### RECORDED INFORMATION
== Segment start ==
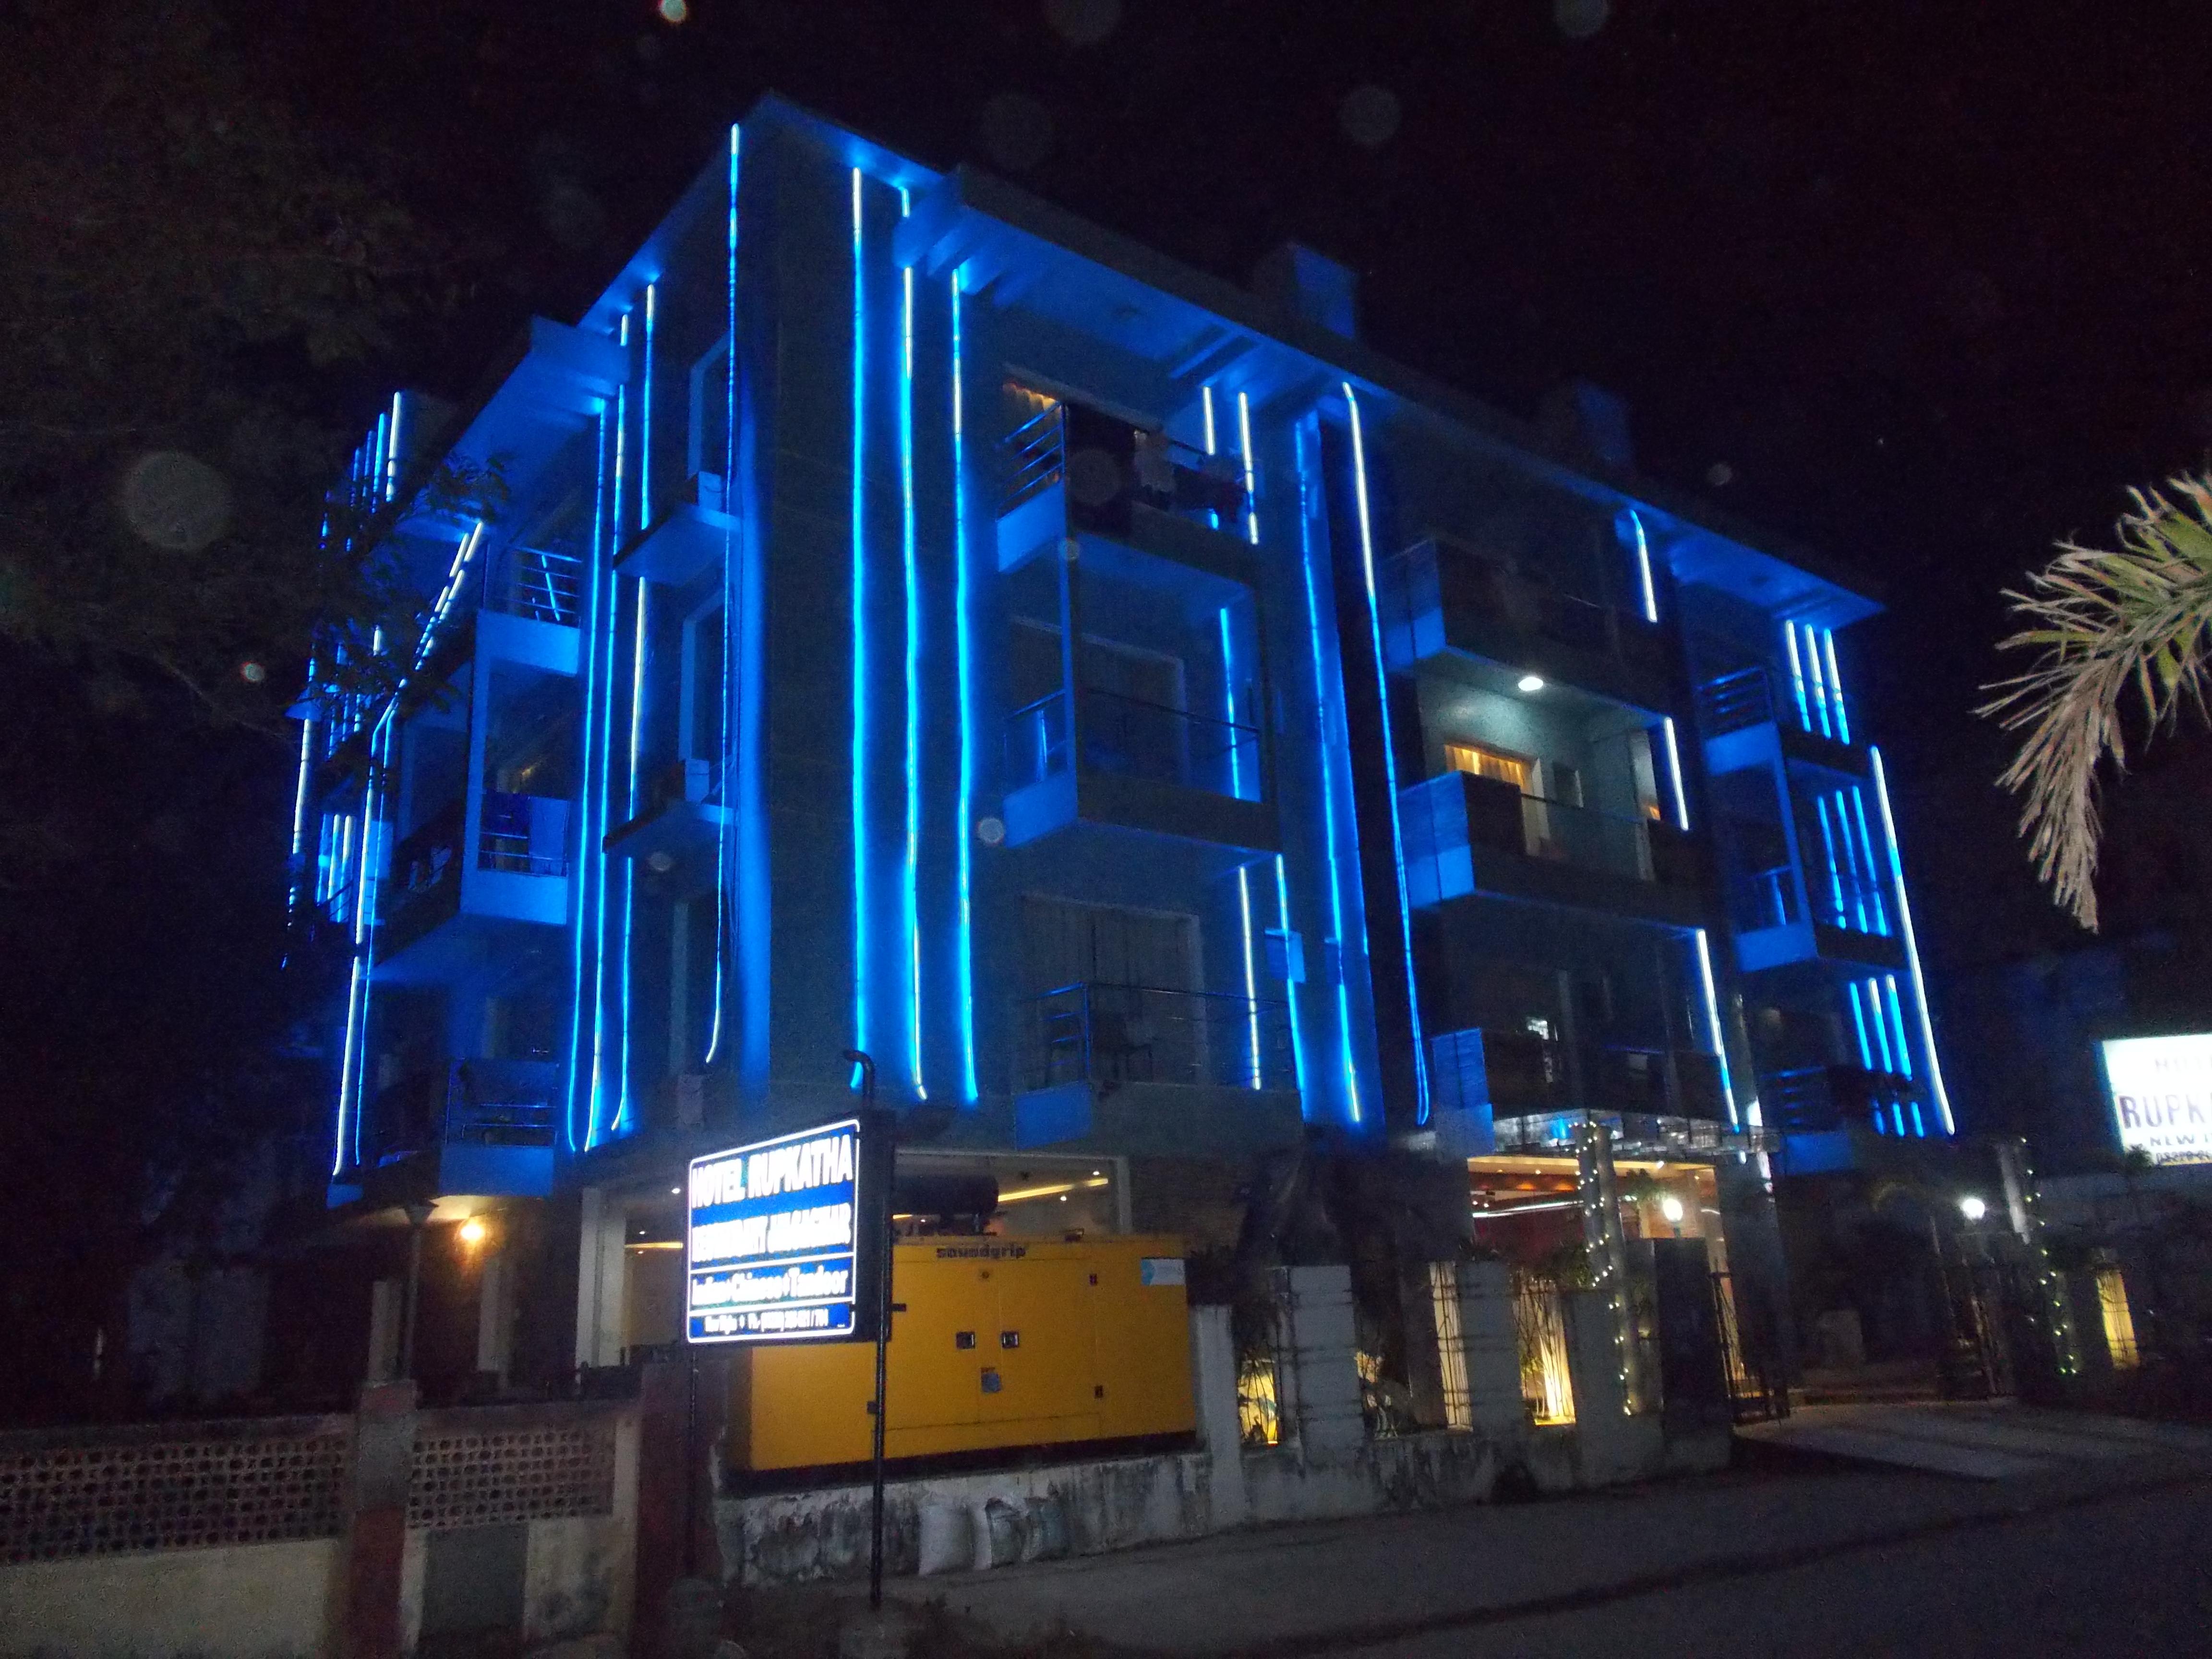 Hotel Rupkatha in Digha
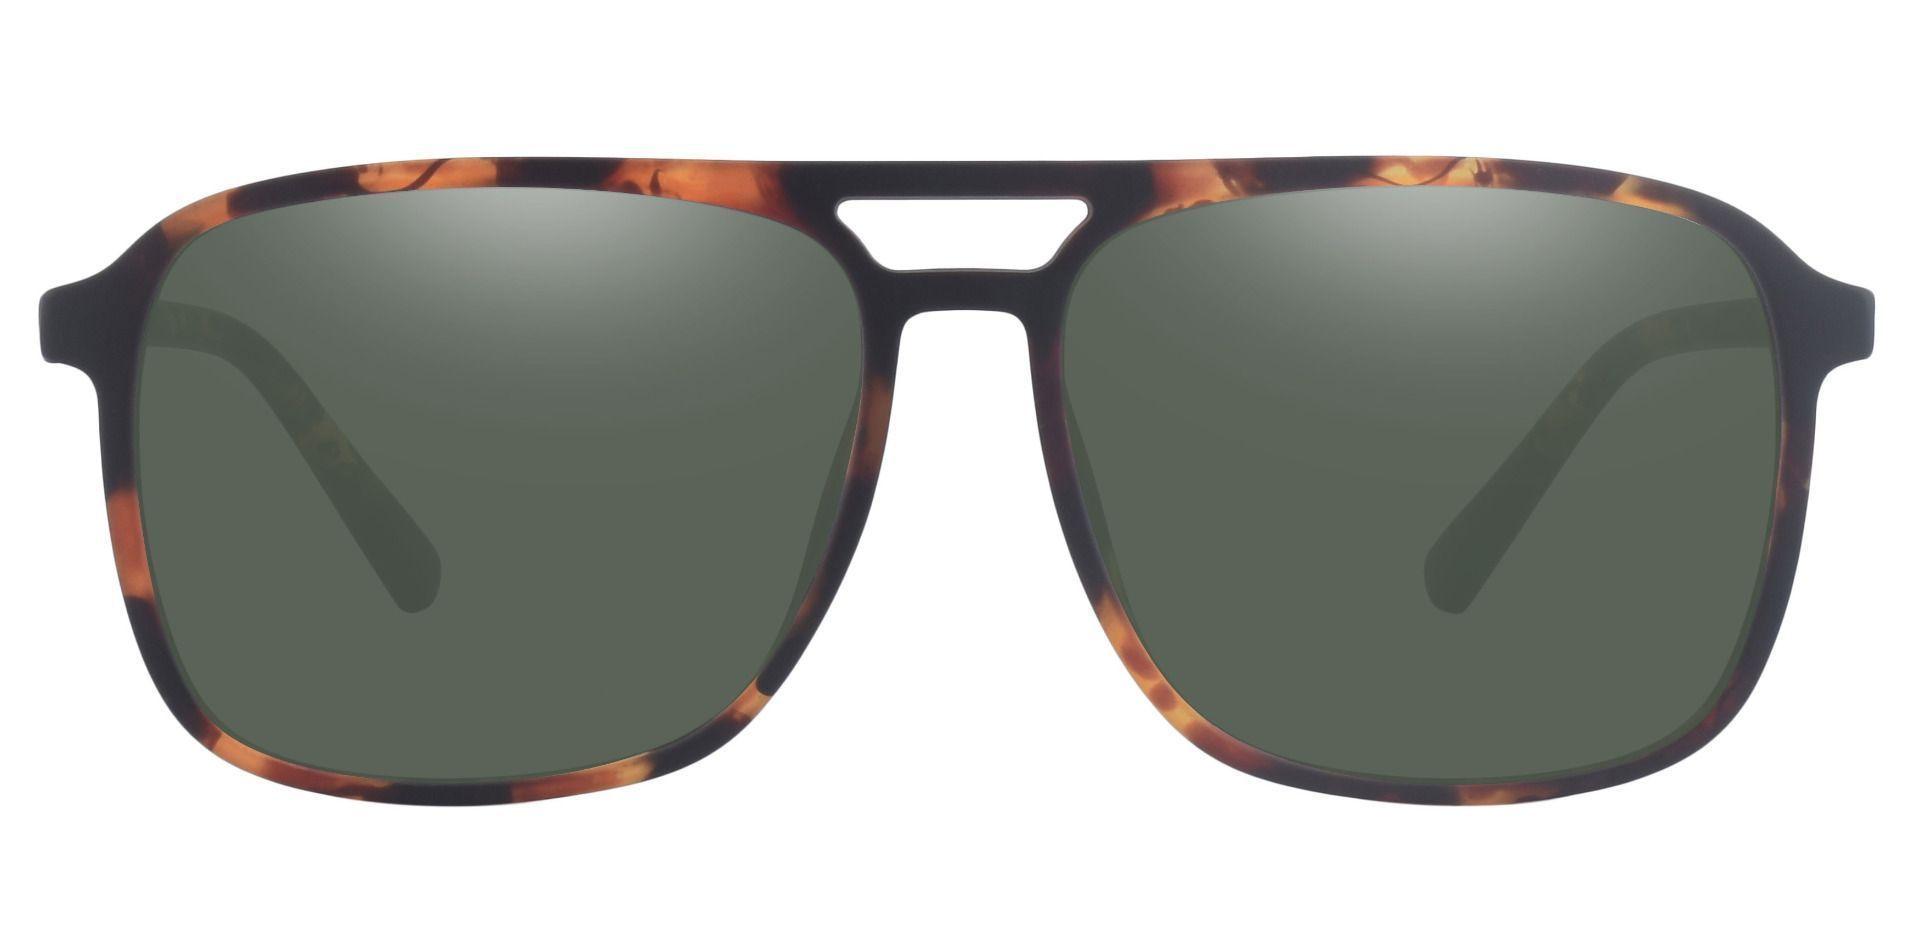 Edward Aviator Prescription Sunglasses - Tortoise Frame With Green Lenses
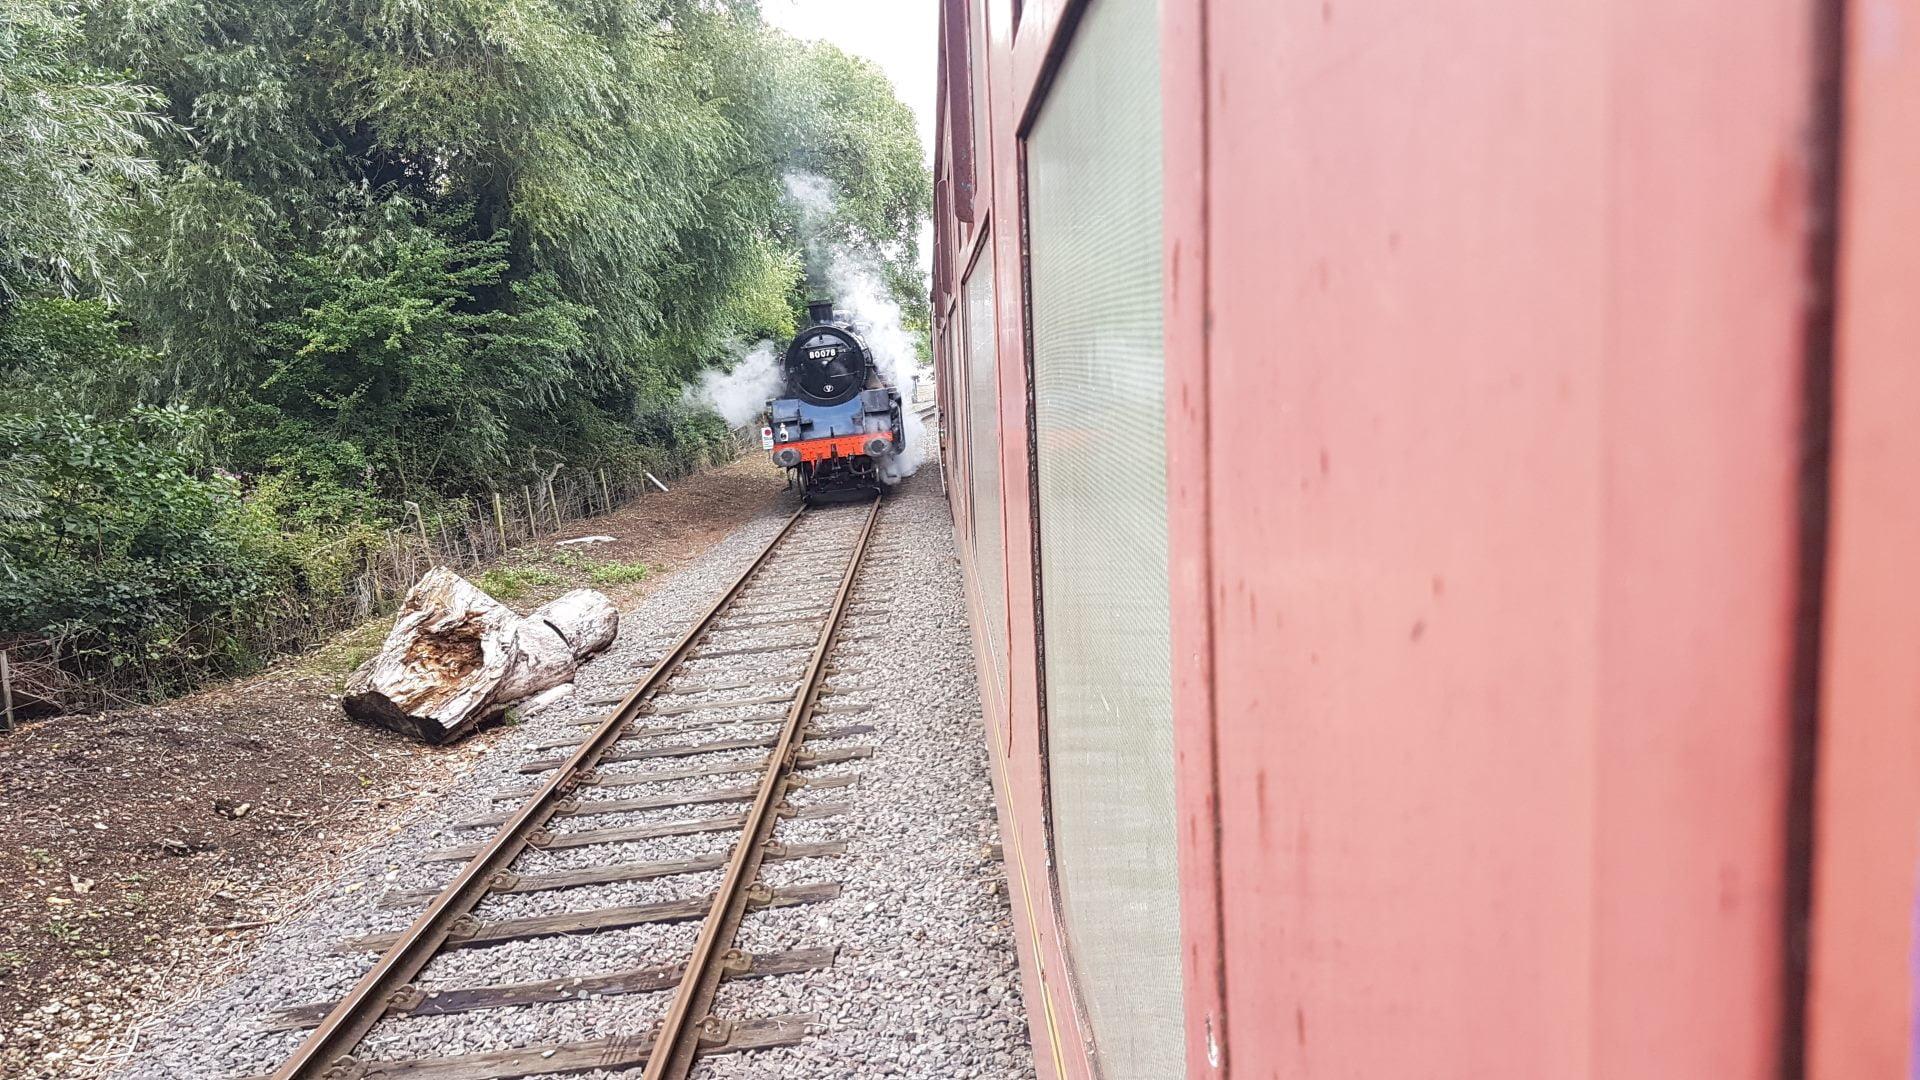 80078 running around its train
== Segment end ==
Here the job is to quote the lines from the one with "Edward Aviator Prescription" through the end of the material, both included, exactly; please skip the pictures.

 Edward Aviator Prescription Sunglasses - Tortoise Frame With Green Lenses
 80078 running around its train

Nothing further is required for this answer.